Well, since we're only using SIMD in ALUs, we only need to wrap nmigen's core
API, which is only 5 or 6 classes (ignoring the ones we're overriding anyway)
-- I did go through the whole public api of nmigen.hdl and check them all.
Class list (additional classes we'd need to override):
Value, Const, Statement, Assign, Module, and maybe Record

>  This quickly
>   gets completely out of hand and diverts developer time into a
>   nightmare time-sink that has actively harmful consequences *even
>   once completed*.
>   Memory requirements double; performance degrades.

I highly doubt memory requirements are anything to worry about, i'd expect it
to be on the order of 100MB or 1GB at the most.

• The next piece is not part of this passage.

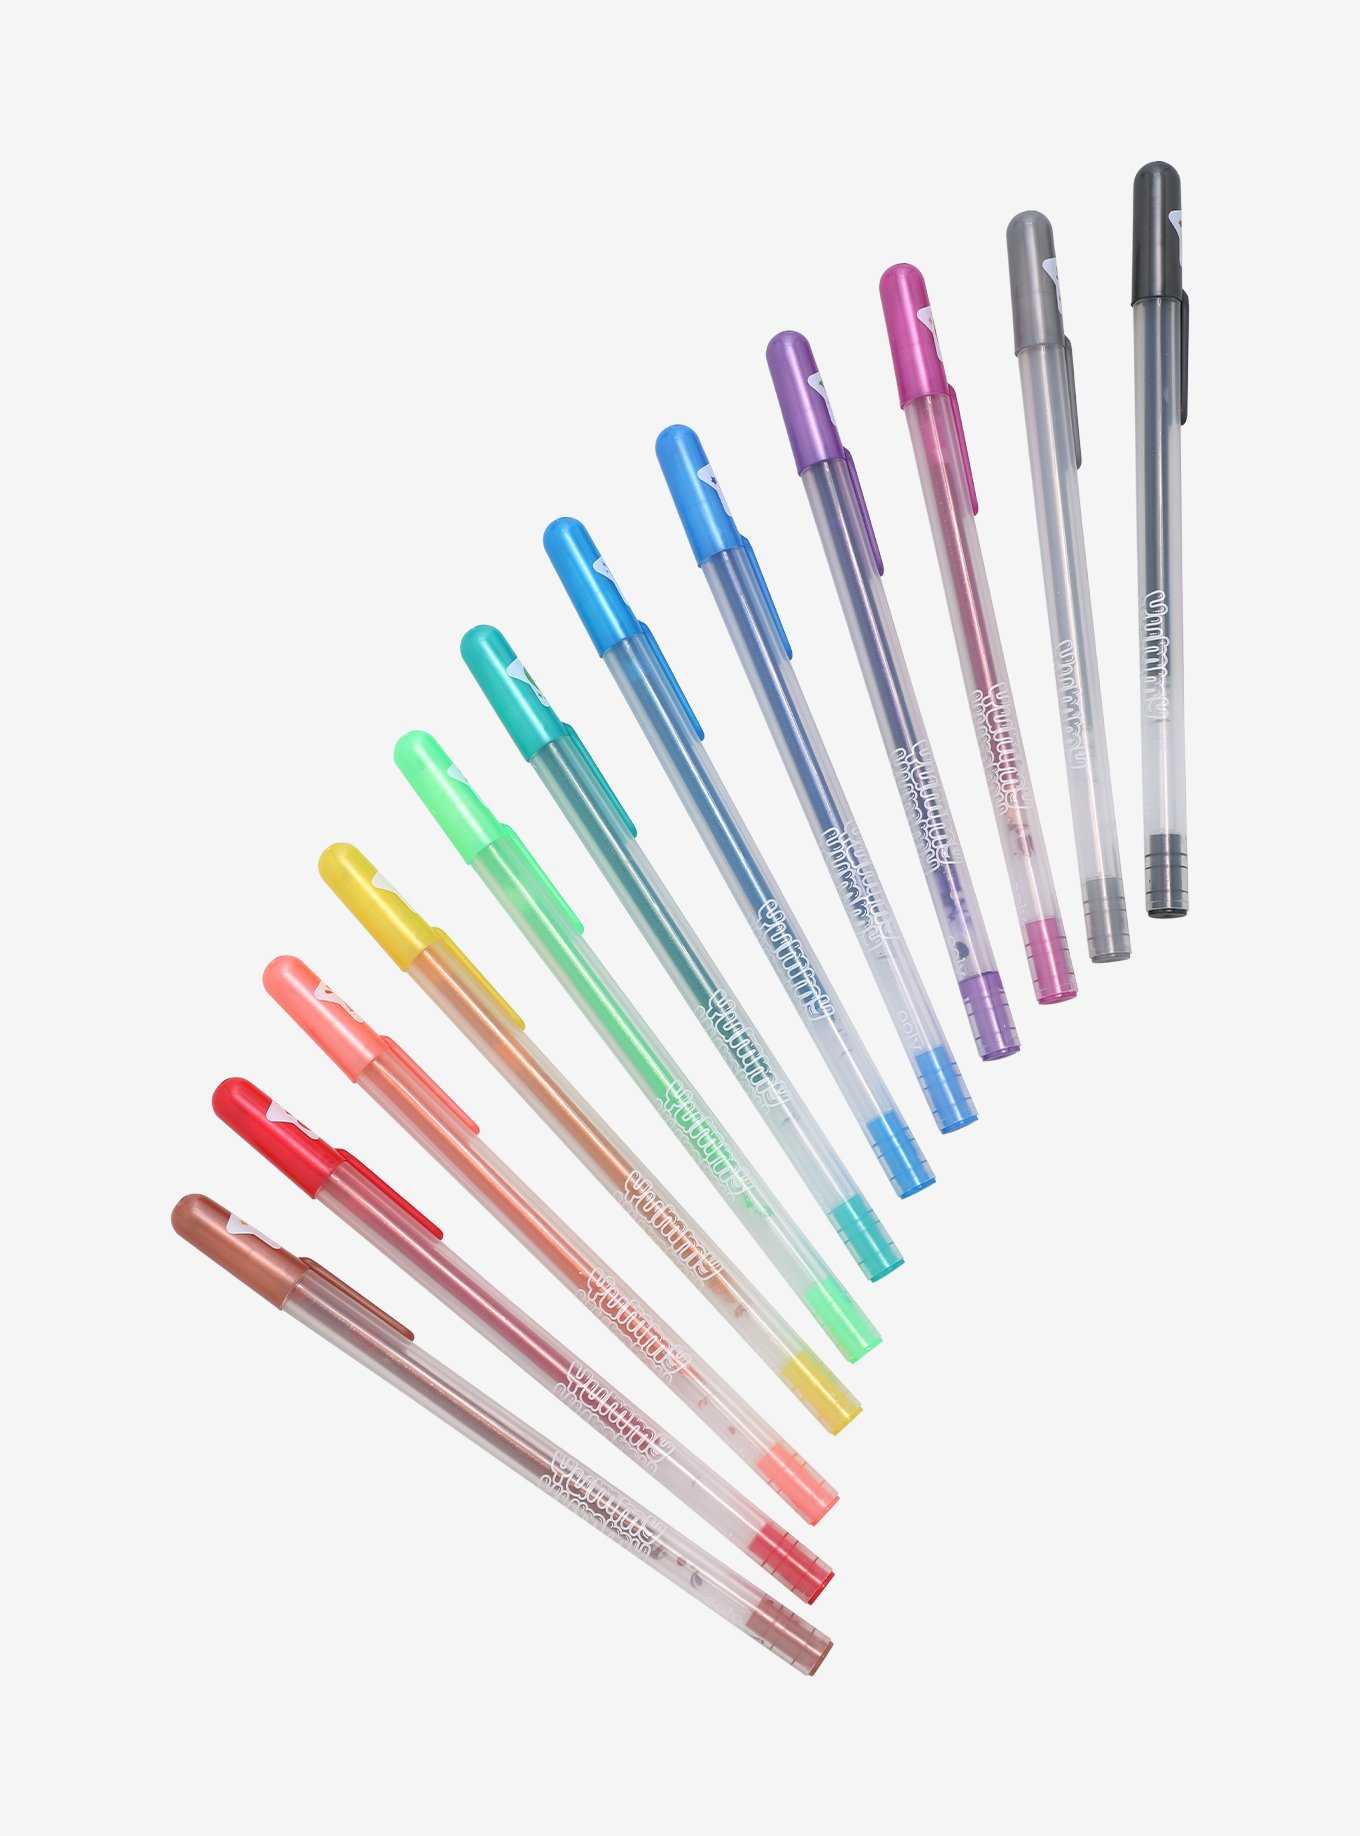 1/20 Pcs Multi Color Rainbow Highlighters Gel Pens Pens Pens Paint
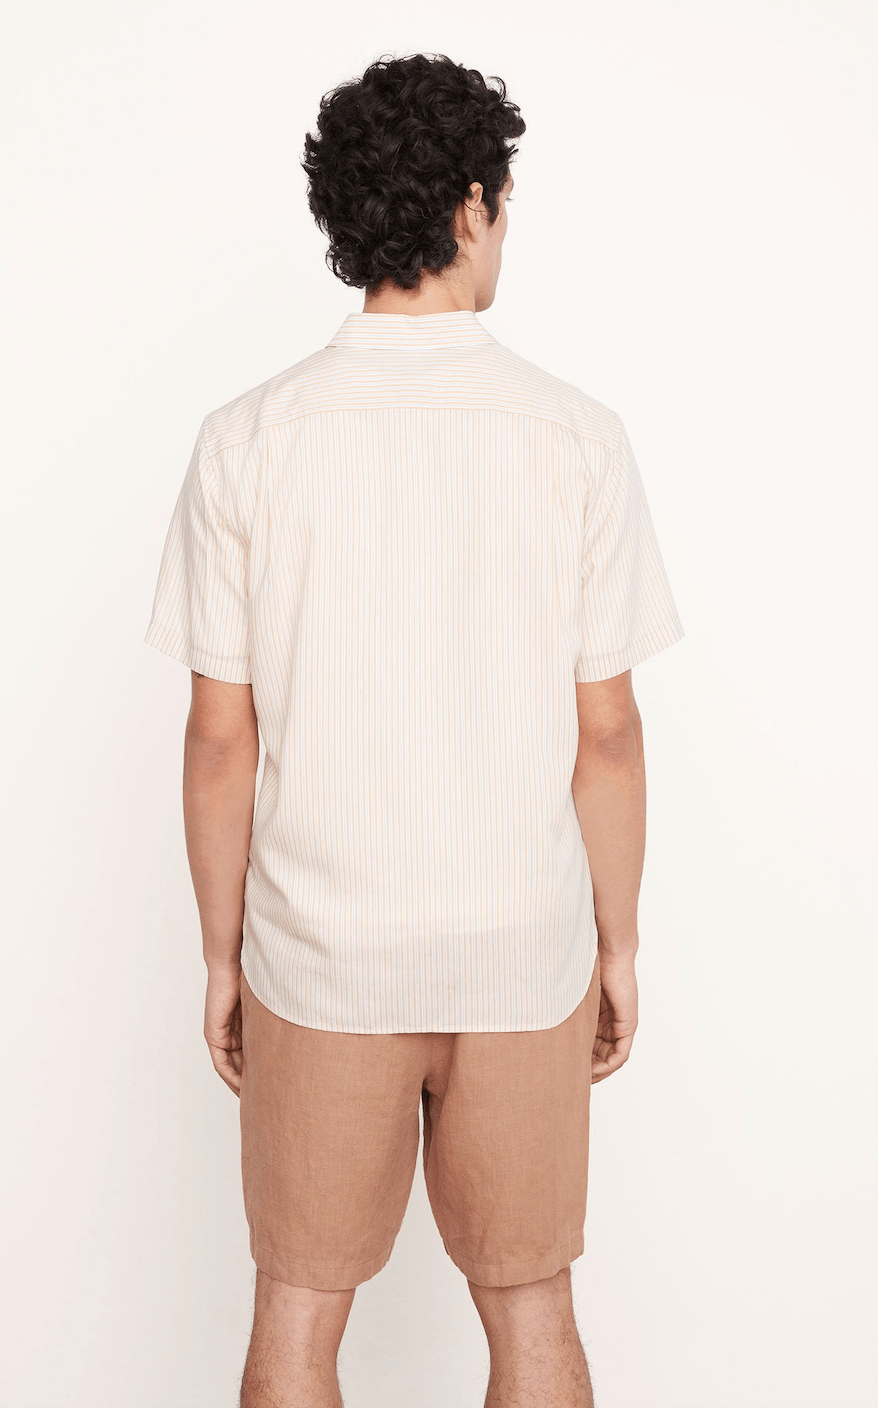 Vince Peninsula Stripe Short Sleeve Shirt in Warm Oat - Estilo Boutique

>   Both are unacceptable.

I think that's exaggerating...

> 5. "Explicit coding" is actually more costly even than for-loop
>   code duplication.  It is "The Right Thing (tm)" in order to achieve
>   optimal gate-level design but requires hyper-aware and hyper-intelligent
>   developers, whom, if ever lost, take knowledge of the internal workings
>   of ultra-complex code with them.


> 6. "Low-level classes" have in fact already been implemented: over a
>   dozen modules utilised and combined behind PartitionedSignal exist
>   and are already in use. PartitionedMux was one of the very first
>   SIMD-aware
>   "Type 1" AST operators written.  The problem is that it's nowhere near
>   enough.  Conversion of 100,000 lines of readable nmigen HDL using
>   Type 2 (m.If/Elif) high-level constructs to **not** use those
>   constructs and return to AST Mux, Cat, and so on is a completely
>   unreasonable expectation.

Agreed, though I'll admit that converting everything to use Mux was my original
plan a year ago.

> 7. "Replacements for dsl.Module" aside from coming with the catastrophic
>   implication that they provide alternative behaviour from dsl.Module
>   are a heavy maintenance burden.  Not only that but there is the risk
>   that, unless actually included *in* nmigen, the underlying AST modules
>   that they use might change, or be deprecated, or have bugs fixed which
>   break the replacement.

I addressed those points above.

> 8. "Compilers". It is very well known that any python program that outputs
>   another python program as an ASCII output may then immediately read that
>   ASCII output from within the very program that created it, `eval` it,
>   and then execute it.  That being the case, you might as well skip the
>   output to ASCII and the eval part, and create classes that
>   dynamically and directly instantiate the desired target behaviour.
>   This saves months of effort but is a common mistake, frequently made.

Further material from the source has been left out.